The triac is then kept turned on and the capacitor 11 is shorted. Therefore, the light output of a discharge lamp is
It is lower than when the capacitor 11 is placed in series with the discharge lamp.

Therefore the voltage at P (e.g. connected to a photovoltaic cell)
Through elements 26a, 27, 29, 30 and 31, a dimming effect is realized.

Immediately after the discharge lamp is ignited, a short circuit in the capacitor 11 occurs in the element 26a.
, 27.29.30 and 31. This applies a high voltage to P and then makes it conductive after a few seconds (RC time constant of resistor 25 and capacitor 26) (about 1 ms).
This can be done by Element 30 then becomes permanently conductive. In that case, the converter is used for a short period of time (about 1m
seconds) to open and stop. When the converter is switched on again, the switching element remains turned off and the capacitor 11 is always activated.

The converter can also be deactivated using a remote control device in which the command pulses are processed in the converter. For example, first the frequency of the converter is 50k.
llz (in this case the discharge lamp is turned off). Upon switch-on, the converter is switched off for a short period (in the manner described above), after which the converter is started again and the complete operating cycle proceeds.

Values of elements considered important in specific examples of the present invention are shown below.

Capacitor 11: 10nF Capacitor 12: 10nF Coil 10: 3ml Capacitor 9: 470 nF Capacitor 16: 470 nF Capacitor 5: 47μF The discharge lamp is a 32W tubular low pressure mercury vapor discharge lamp (approx.
0 m). The two semiconductor switching elements 13 and 14 were of the MOS-FET type. The frequency is about 25k
llz.

The triac 15 was of the Philips BT 136 type.

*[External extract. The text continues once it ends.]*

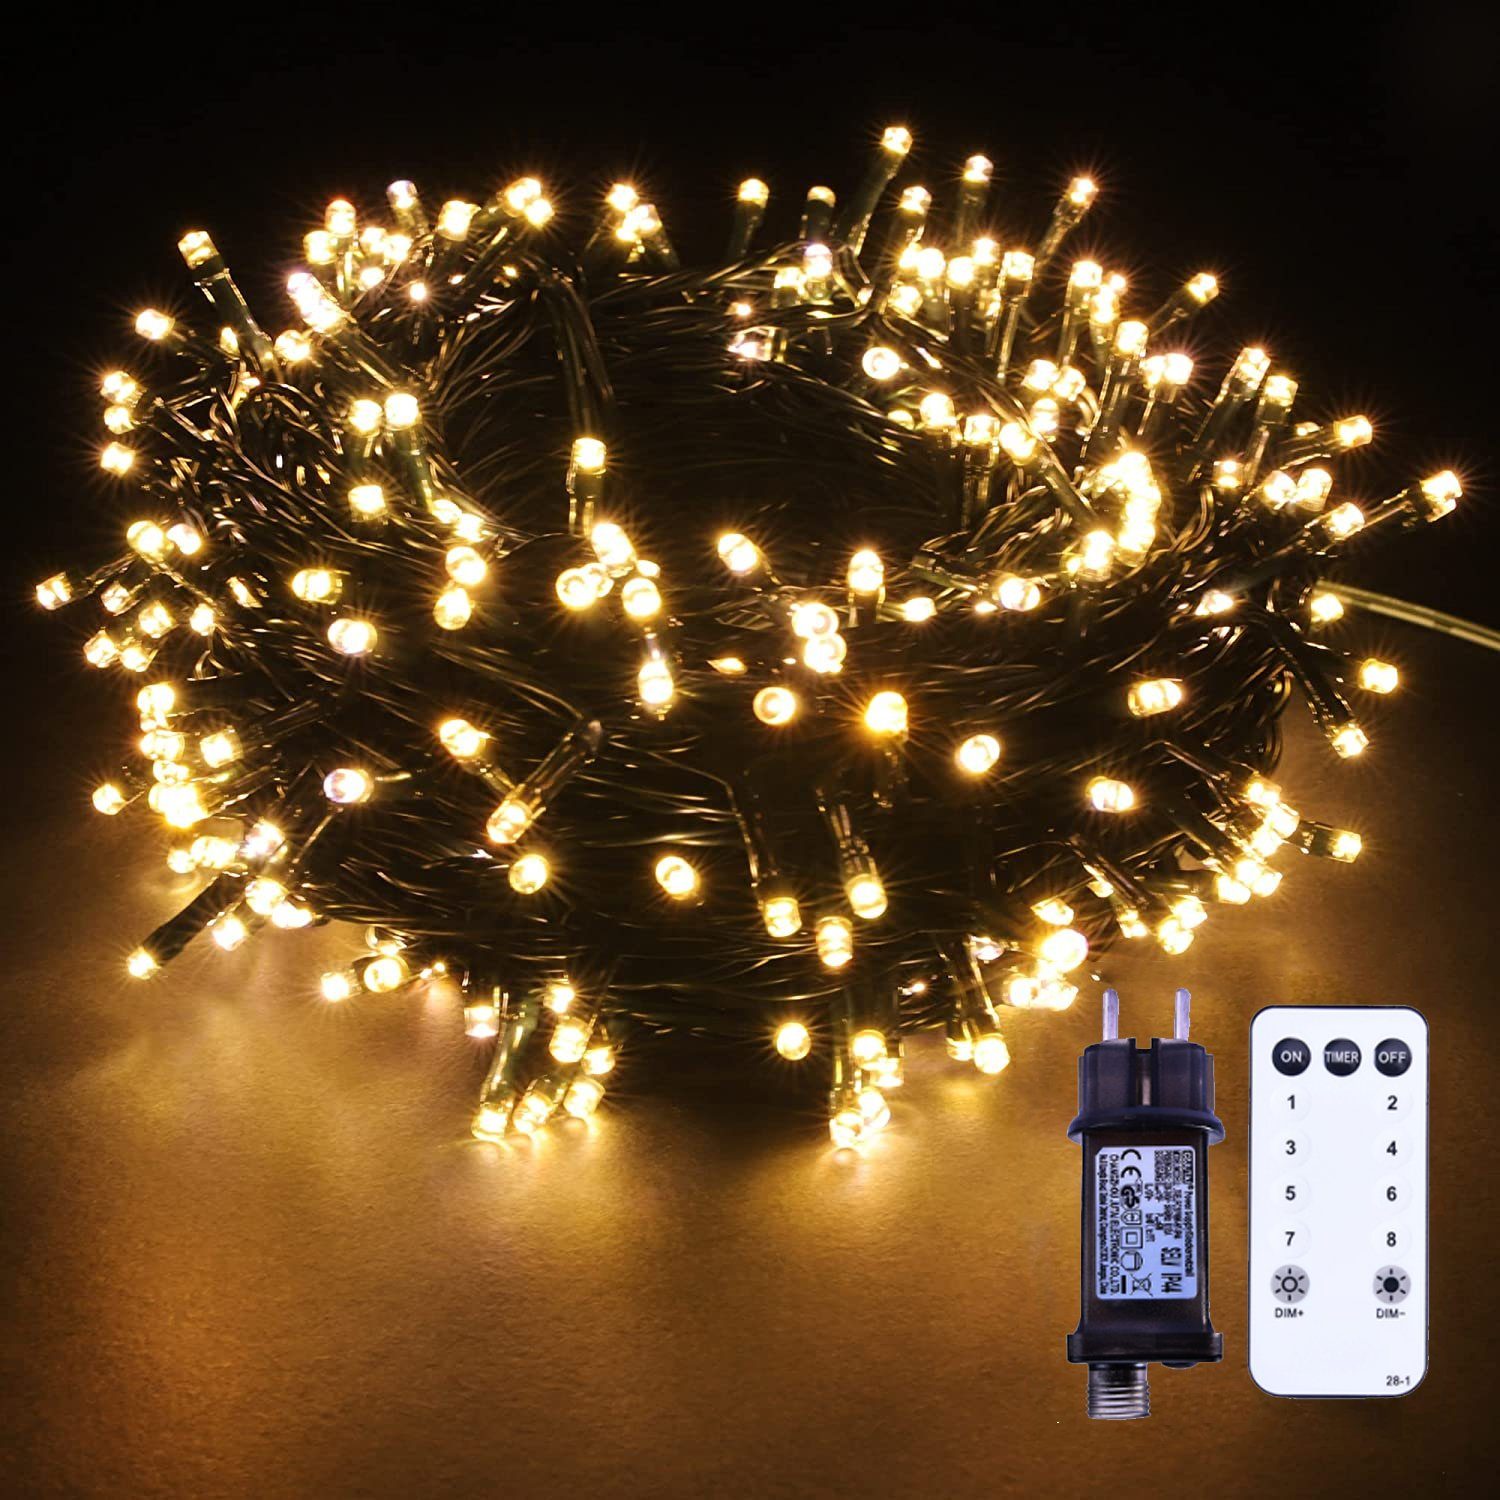 mit Dekoobjekt Dimmbar 20m Warmweiß Cluster 31V, LED LED Weihnachtsbaum Fernbedienung, Lichterkette Büschelkette Garten Timer Außen Büschel-Lichterkette 8Modi Gartenbeleuchtung, Warmweiß, XERSEK

[Brief explanation of the drawing]

FIG. 1 is a circuit diagram showing an embodiment of the present invention together with blocks. 1... Tubular low pressure mercury vapor discharge lamp 2.3... Preheatable electrode 4... Diode bridges 13, 14... Semiconductor switching elements 13a, 1
4a... Control circuit 15... Switching element 1
9...Breakdown element 27...Monostable multi-vibrake patent applicant N.B.Philips Fluylan Penfabriken

Claims (1)

[Claims] 1. A DC/AC converter for ignition and power supply of a gas discharge lamp, which has two input terminals to be connected to a DC power source, and the input terminals are connected to at least an induction coil, a load circuit including a parallel circuit of the discharge lamp and a capacitor;
A semiconductor switching element is connected to each other via a series circuit, a circuit including a second semiconductor switching element is connected in parallel with the load circuit, and the first and second semiconductor switching elements are alternately made conductive by a control circuit. In a DC/AC converter for starting and powering a gas discharge lamp, a second capacitor is connected in series with the induction coil and the discharge lamp, and in parallel with the second capacitor, the second capacitor is connected in parallel with the induction coil and is non-conducting during the preheating period of the electrodes, and at least when the discharge lamp is turned on. A DC/AC converter for lighting and power supplying a gas discharge lamp, characterized in that a third semiconductor switching element is connected to the arc and becomes conductive. 2. The DC/AC converter for starting and powering a gas discharge lamp according to claim 1, wherein the second capacitor is configured to have substantially the same impedance as the first capacitor. 3. The third semiconductor switching element is configured to be rendered non-conductive after ignition of the gas discharge lamp by rendering the DC/AC converter inactive for a predetermined period of time. DC/AC converter for gas discharge lamp lighting and power supply.